Although open to all students, regardless of race, the old building was an area of campus where African American students didn’t feel like numbers.

“It was a place where I could walk, relax, be myself and not feel like I was a product of affirmative action,” says Pierre Louis.

It was a place where students could come for academic support, cultural clarification on issues of identity and a place where students could voice their opinion freely on socially controversial topics.

“The institute was more than a building and the functions it held,” said Kat Powell, 2006 alum and former editor and chief of the Onyx Informer. “Along with its historical relevance, it was the people in the building that made the institute valuable.”

A candlelight vigil, coordinated by Pierre Louis and Powell, was held a few days before the demolition began. Students were able to say a few words on what the institute meant to them.

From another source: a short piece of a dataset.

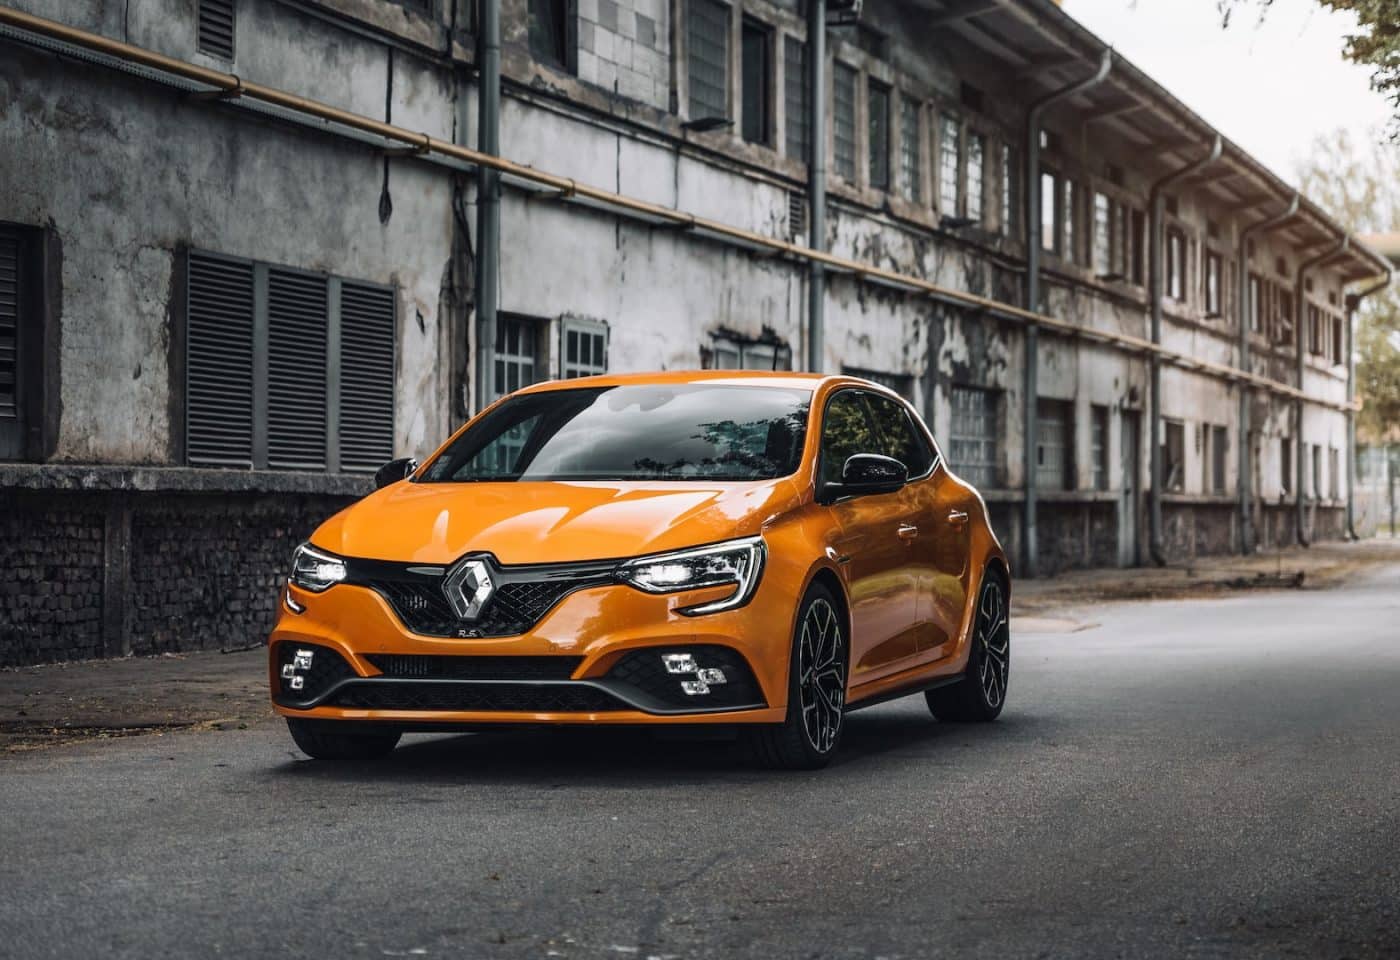 Voiture Renault de couleur orange.

What was once considered the outskirts of the Northeastern campus in 1971 has now become the center of activity and the prime location for new real estate.

“The visionary founders saw a need for the institute on campus then and maybe saw the need for the future,” says Lula Petty-Edwards, associate dean and director of the African American institute. “If they didn’t, then they surely do see the need now.”

It was six years ago that Northeastern students began protesting against the decision to demolish the 30-year-old building.

Richard Freeland, then Northeastern president, formed an advisory committee made up of administrators, students, faculty, staff, community activists and members of the O’Bryant family. Students were presented with various options like moving to the basement of Dodge Hall or the top floor of Columbus Place, but students weren’t having it.

Students staged a 39 day sit-in at the institute. Not long after NU president Richard Freeland told an advisory committee of students and faculty that the university would tear down the institute and replace it with a larger building, hundreds of students protested on Huntington Avenue, forcing the street to shut down in the middle of rush hour.

“The thought of the building being torn down was like a slap in the face,” says Powell, “especially when you examine the history.”

That history is woven into the recent history of Boston. About thirty years ago, during the years of racial unrest in Boston, as well as across the nation, five Northeastern students proposed 13 demands to then Northeastern President, Asa A. Knowles, insisting on increased black student enrollment, scholarships and curricula reevaluation.

Four days later, all 13 of those demands were accepted. In a memorandum addressed to Northeastern’s faculty and staff the president stated: “[The] demands were reasonable and, in fact, some will contribute to the improvement of our curricula in the light of these times in which we live.”

The actions of these five students sparked further activism on campus, including the creation of the African American Institute, then called the Afro-American Institute, located on 104 Forsyth St. The Institute moved to its current location at 40 Leon St. in 1971.

The former laundry facility soon became the gathering place for Northeastern’s African American community, as well as for non-black students, and stood as a symbol of their presence on campus.

History was seemingly repeating itself in 2001.
Building F is expected to be complete by the Fall of 2006. Students are also in the midst of erecting a monument on the institute’s former location. That proposal is still under discussion.